Comunichiamo per essere in relazione con qualcuno.

La modalità con la quale lo facciamo dovrebbe permetterci di dare all’interlocutore (o agli interlocutori) informazioni necessarie, esaustive ed utili a far comprendere ciò che vogliamo sia compreso. 

Erroneamente a quanto la maggior parte delle persone pensa, la comunicazione verbale (attraverso il dialogo, il confronto e in alcuni casi il conflitto), è responsabile solo in minima parte dell’efficacia comunicativa, poiché il resto è affidata al non verbale (circa il 93% in ogni comunicazione), ovvero alla distanza scelta rispetto a chi ci ascolta, al tono della voce, alla postura, alla mimica, al modo in cui ci «muoviamo» o stiamo fermi nello «spazio comunicazionale». 

Quando parliamo, oltre al contenuto dell’informazione che vogliamo dare, esprimiamo aspetti di noi, di cui non sempre siamo completamente consapevoli: rabbia, delusione, apprensione, felicità, aspettativa… ed instauriamo così relazioni che, agli occhi dell’altro, possono apparire sincere, difficili, insoddisfacenti. 

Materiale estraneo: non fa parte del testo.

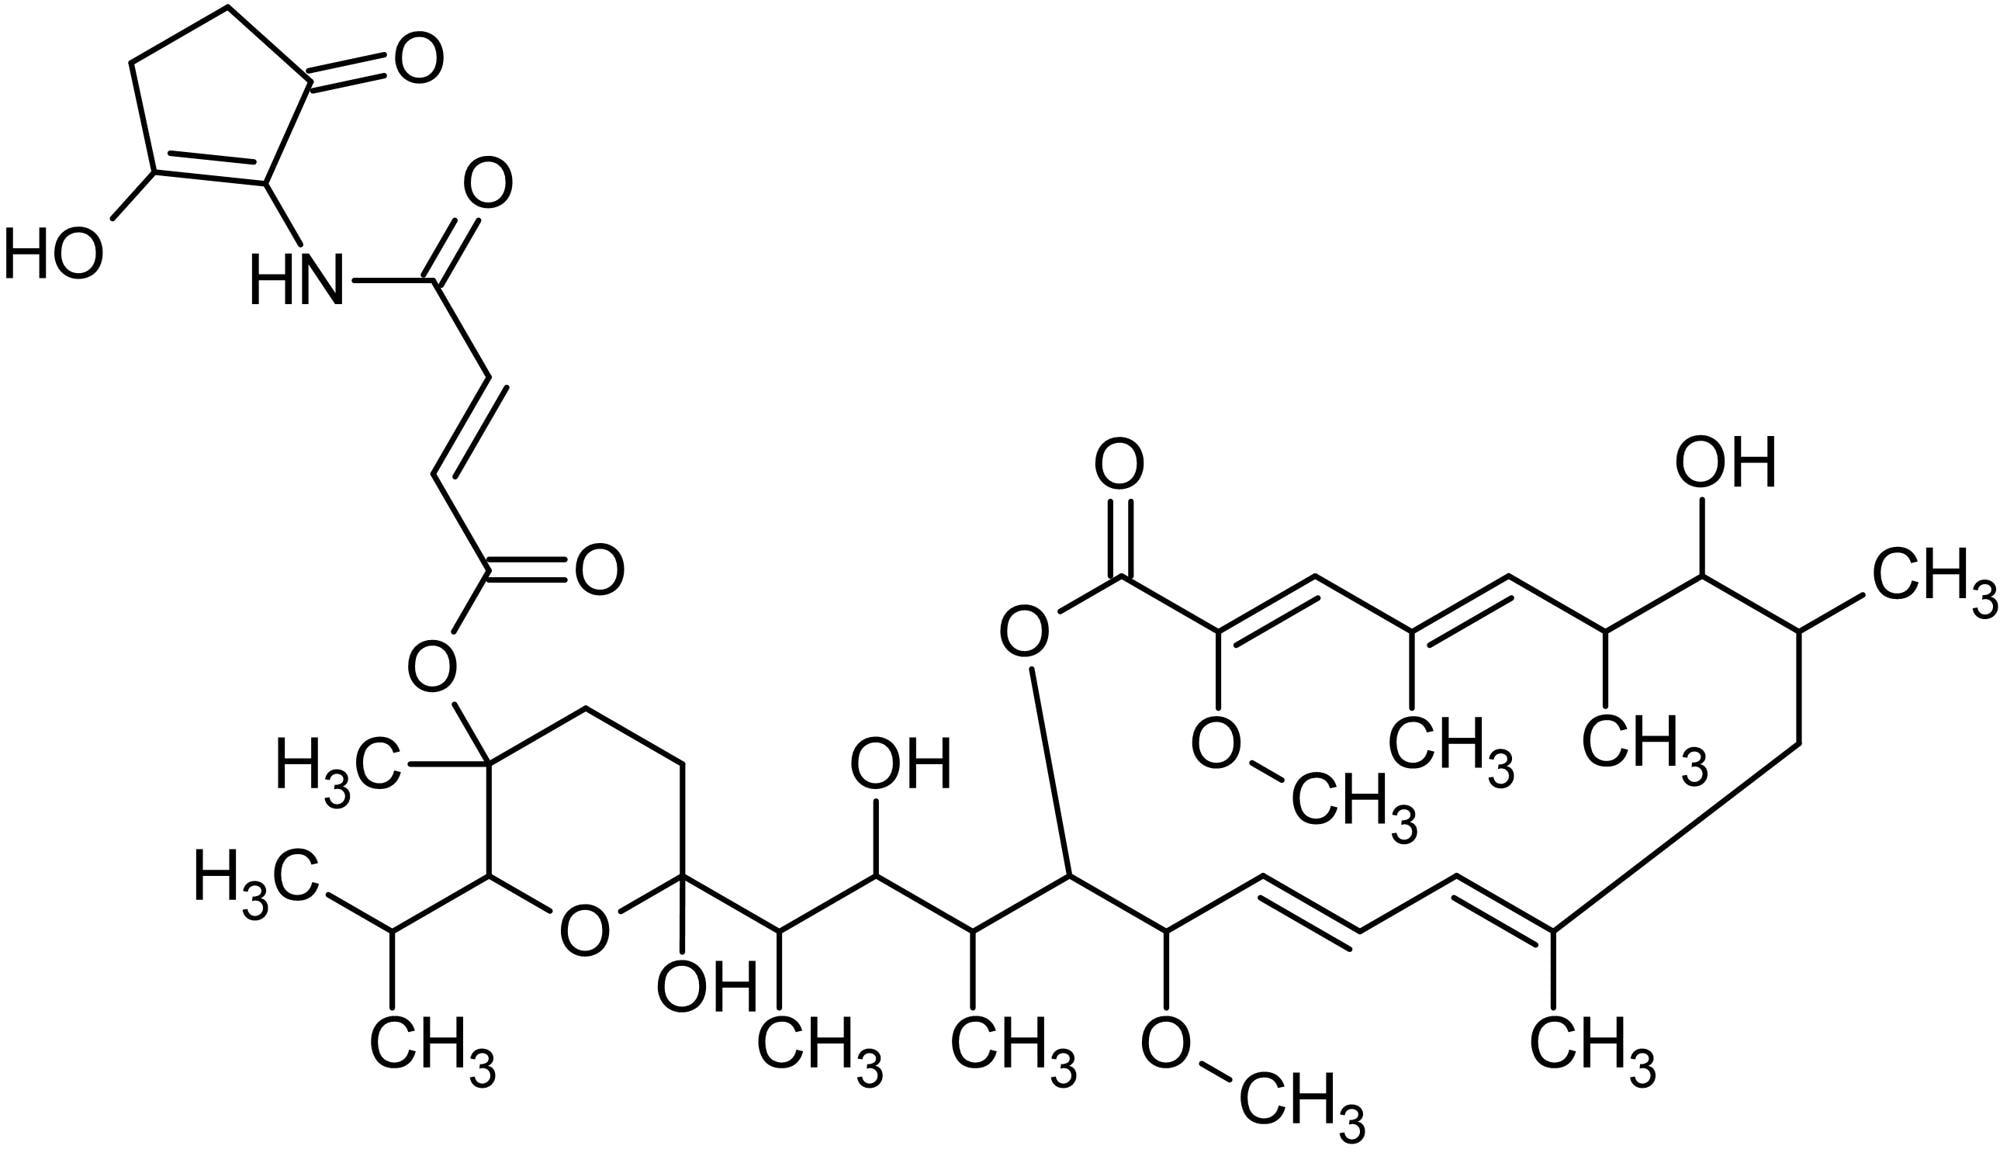 Chemical Structure - Bafilomycin B1, macrolide antibiotic (ab143365)

Un’altra imprecisa idea che molti hanno, a proposito della comunicazione, riguarda la responsabilità di chi parla, rispetto al dovere di chi ascolta, di capire sempre tutto quello che viene detto in modo chiaro, corretto, opportuno. 

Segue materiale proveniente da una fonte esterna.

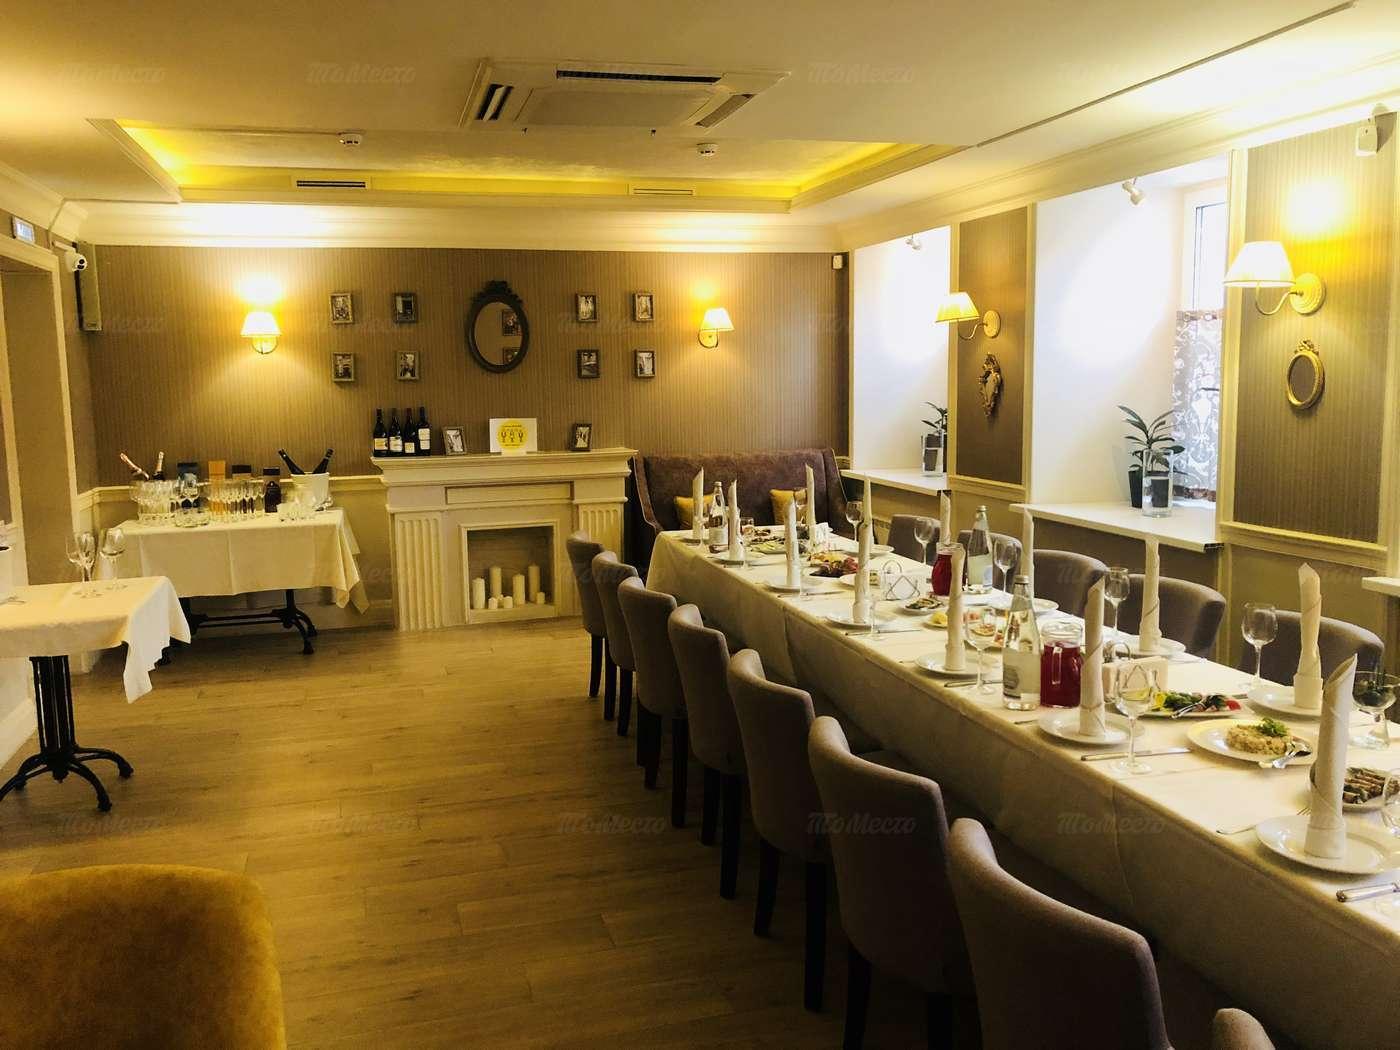 Ресторан Semplice (Траттория Семпличе) на улице Чаплыгина фото 20

Per comunicare efficacemente occorre però aver maturato, a livello introspettivo, l’obiettivo reale e concreto del contenuto espresso, ricordando che un messaggio è fatto di contenuto e di relazione. 

Se per il primo aspetto può essere utile trovare una modalità di espressione consona alle competenze cognitive e formative di chi abbiamo davanti (non passiamo parlare a un bambino di 5 anni come parleremmo a un filosofo di 90), per l’aspetto della relazione, potrebbe essere più complesso comprenderne il meccanismo. 

La prima tappa sta nel capire «veramente» cosa proviamo rispetto a quello che stiamo dicendo. 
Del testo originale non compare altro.